• _WHAT IS REQUIRED_
Give the listing back in full, exactly as written, with the pictures removed.

• _DATASET EXTRACT_
======
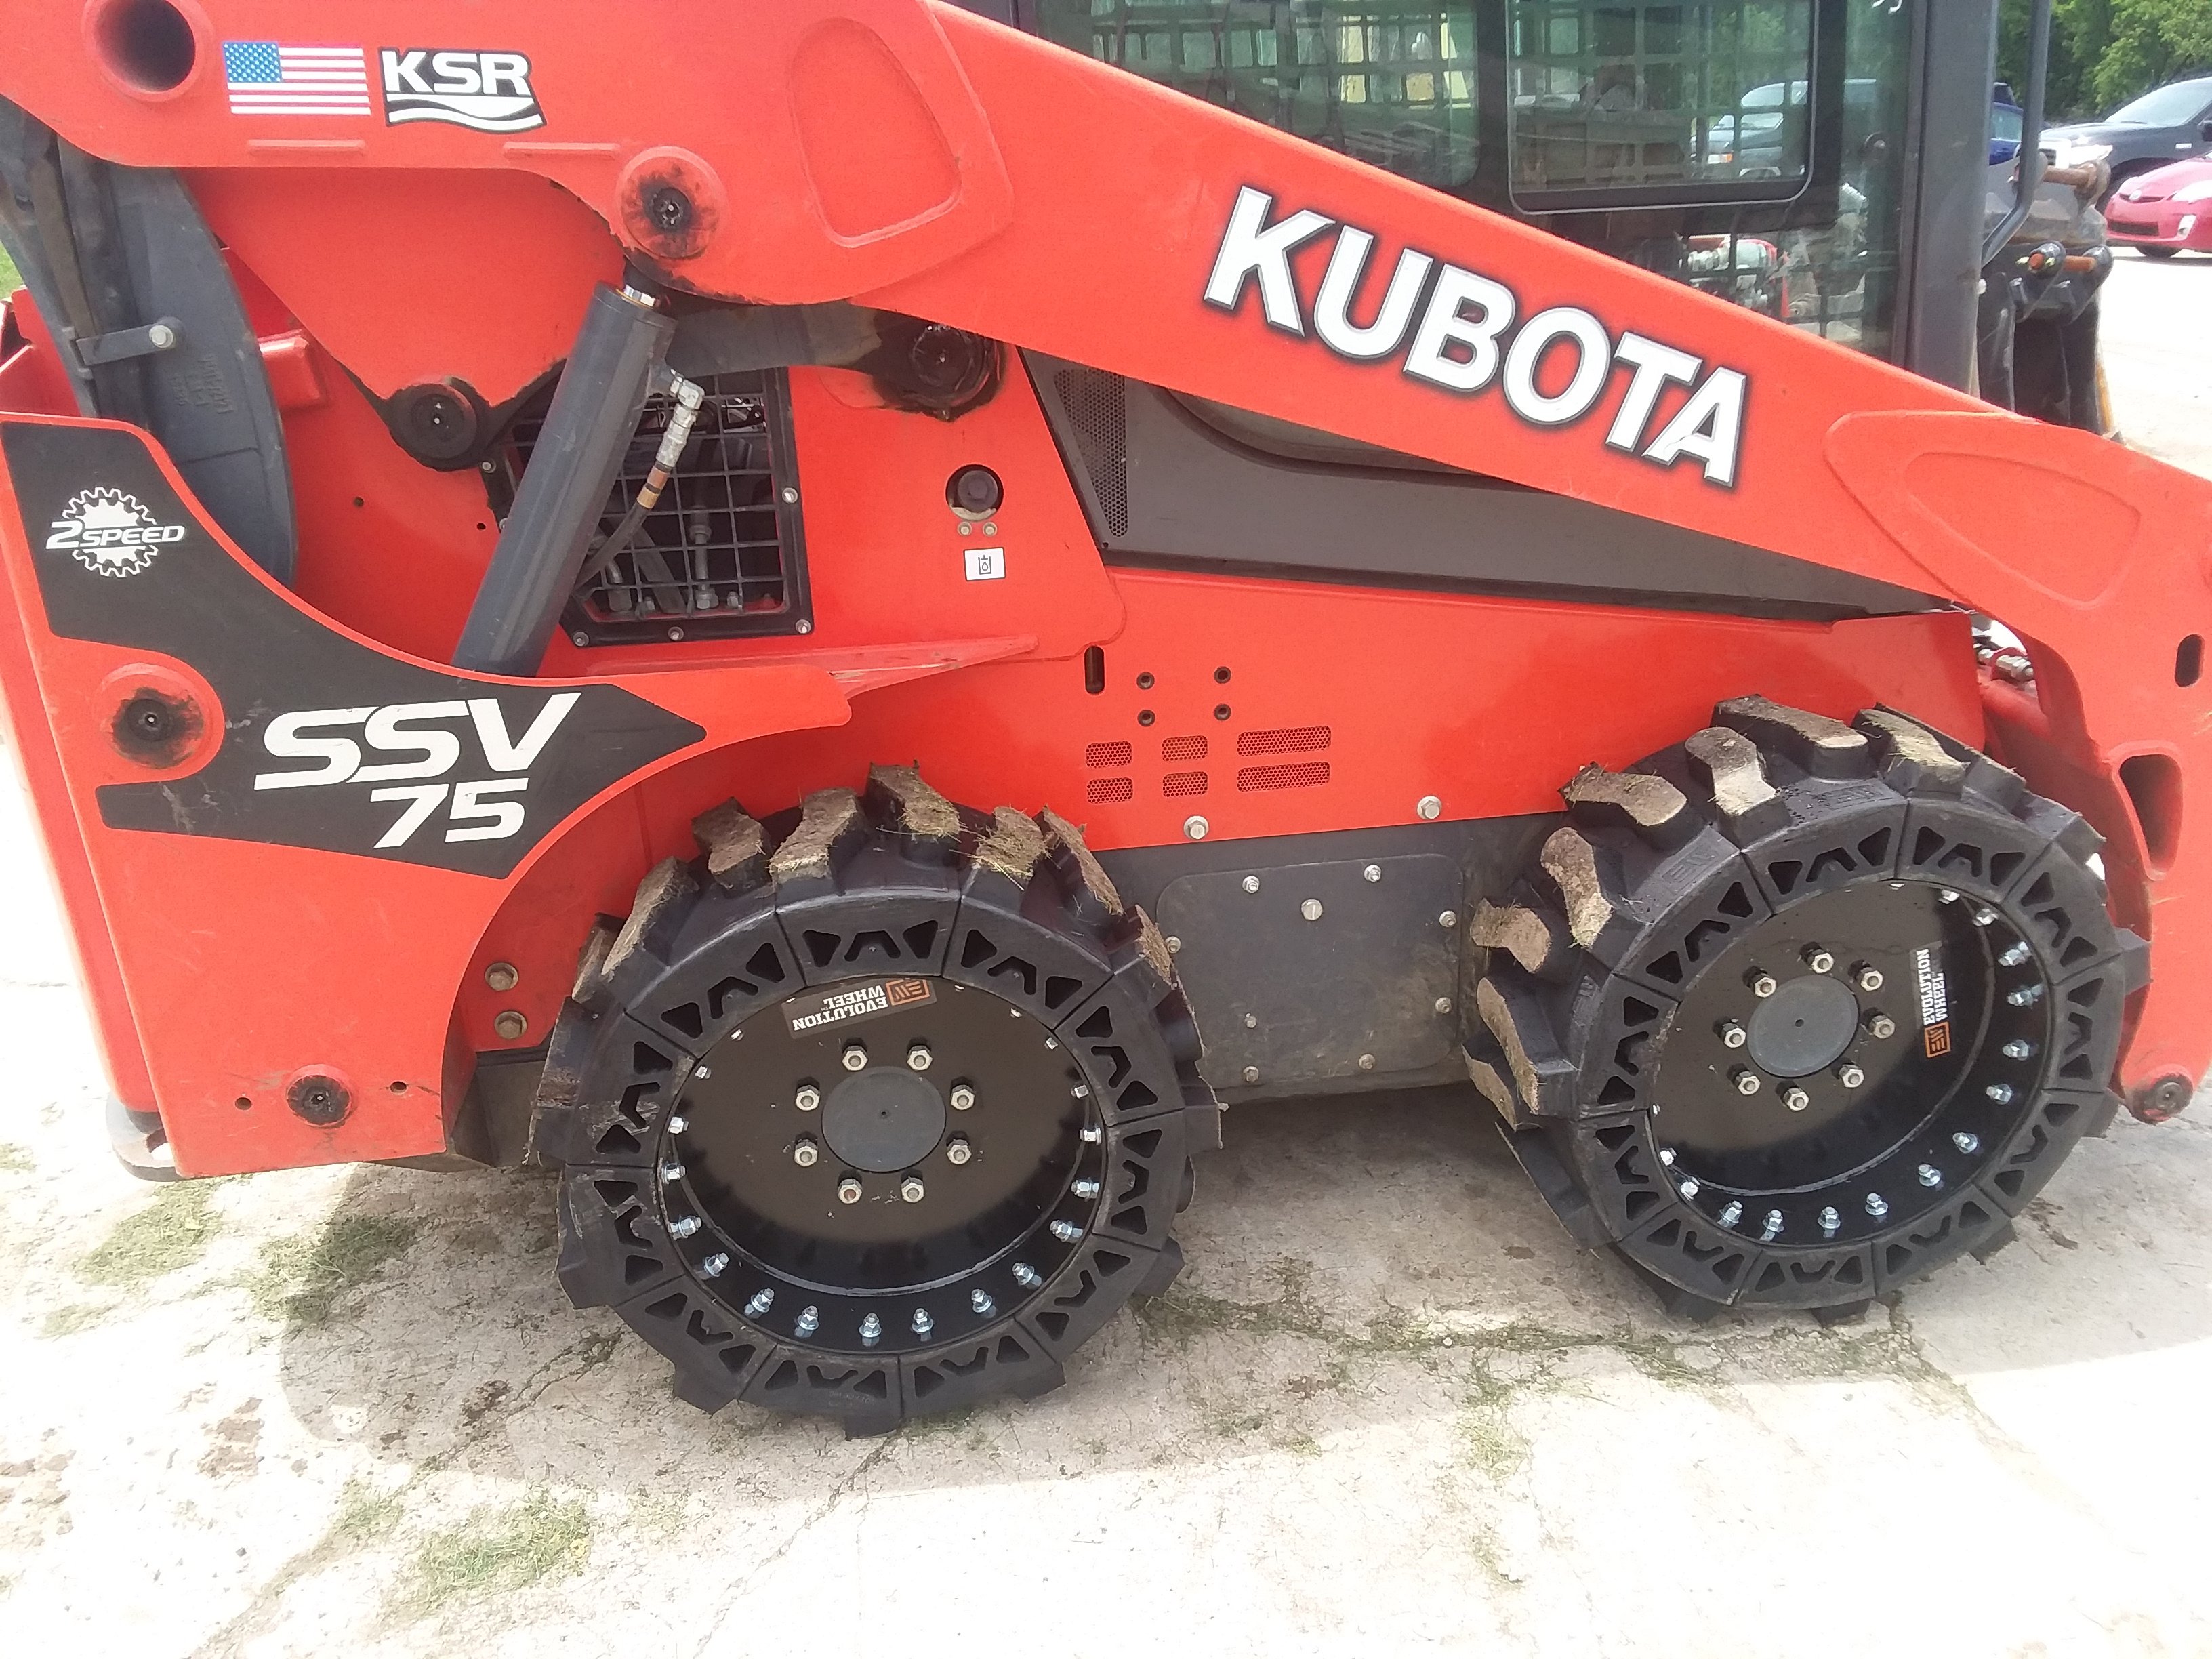 This images shows a red Kubota skid steer using our all terrain skid steer tires the EWRS-AT.
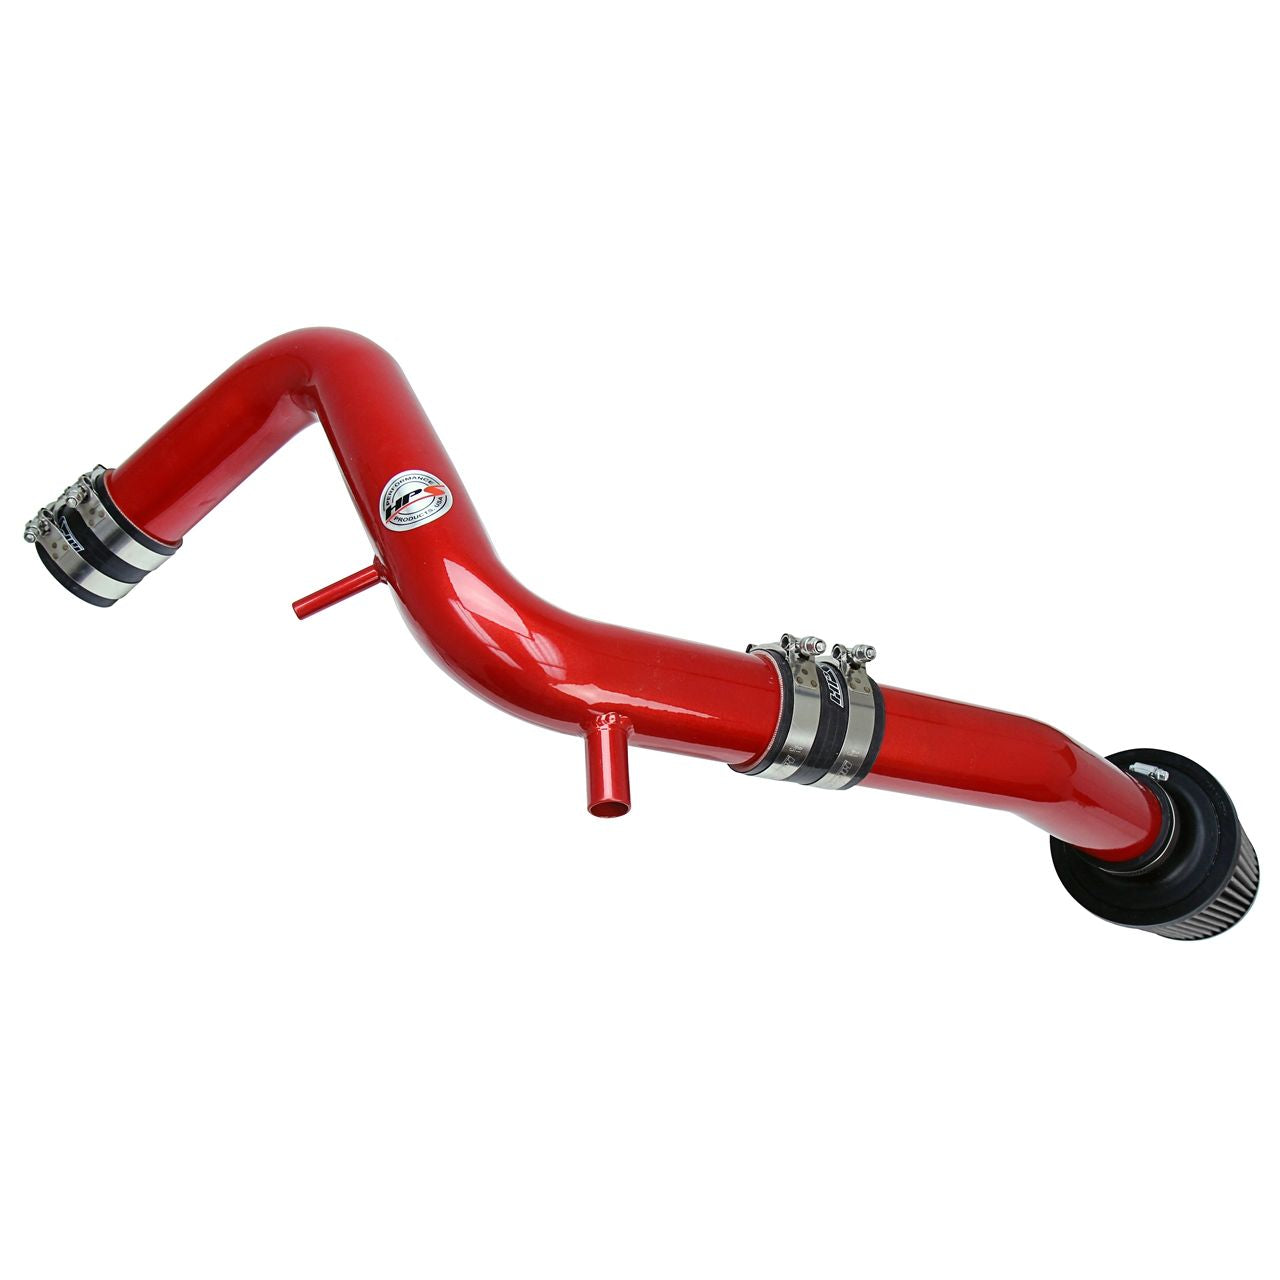 HPS Cold Air Intake Kit 13-17 Hyundai Veloster 1.6L Turbo, Converts to Shortram, Red
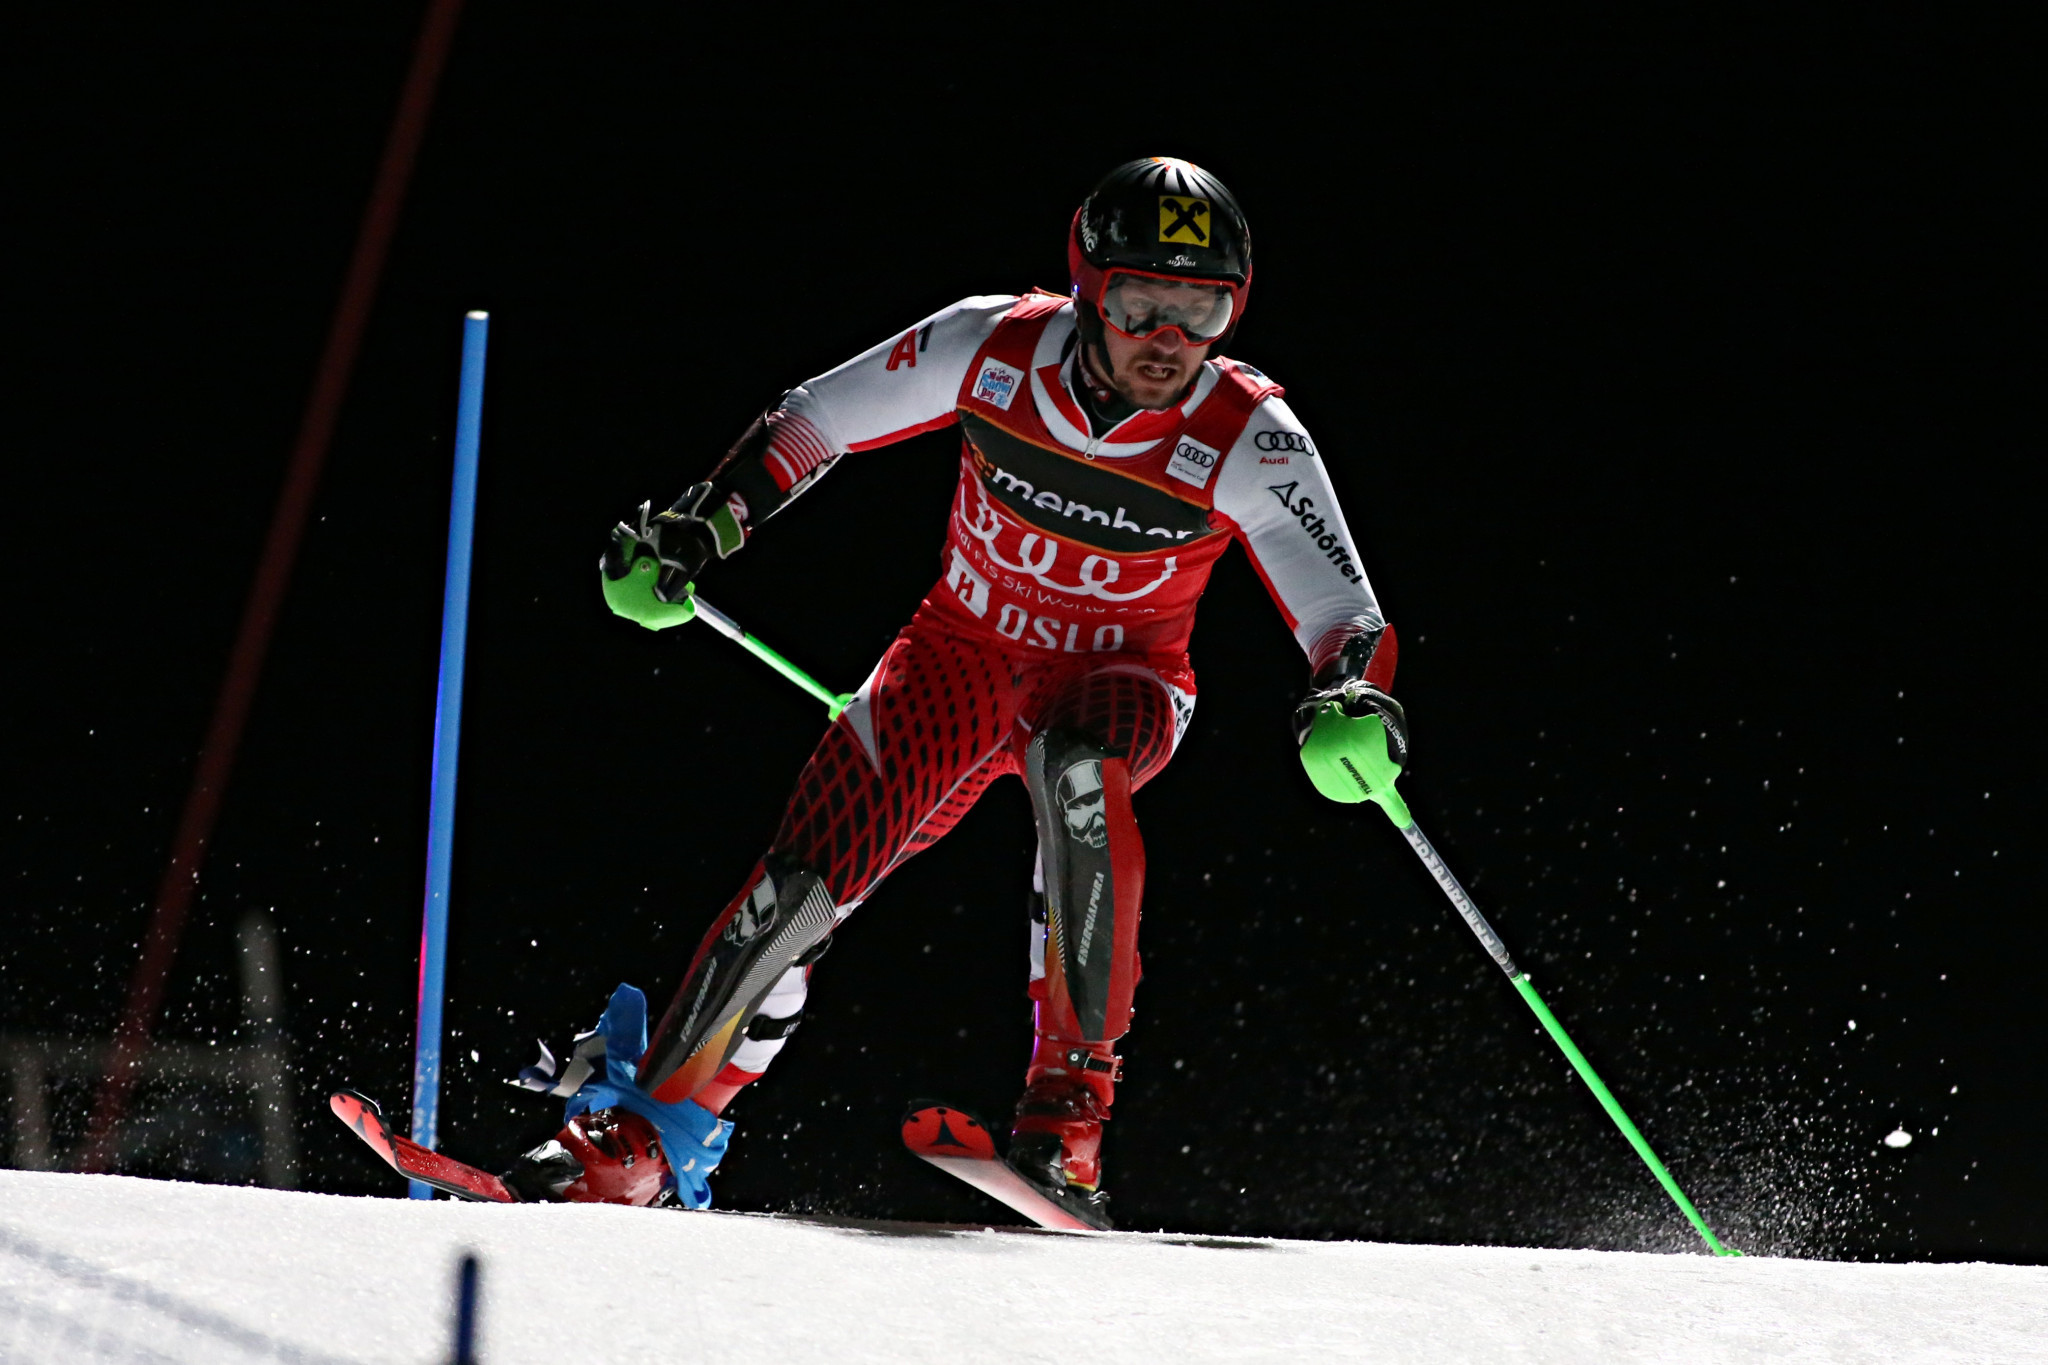 A mistake from Austria's Marcel Hirscher as he crashed through a gate in this quarter-final against Britain's Dave Ryding saw him miss the podium entirely at the FIS Alpine Skiing World Cup event in Oslo ©Getty Images
======
• _FINISHED EXERCISE_
 This images shows a red Kubota skid steer using our all terrain skid steer tires the EWRS-AT.
 HPS Cold Air Intake Kit 13-17 Hyundai Veloster 1.6L Turbo, Converts to Shortram, Red
 A mistake from Austria's Marcel Hirscher as he crashed through a gate in this quarter-final against Britain's Dave Ryding saw him miss the podium entirely at the FIS Alpine Skiing World Cup event in Oslo ©Getty Images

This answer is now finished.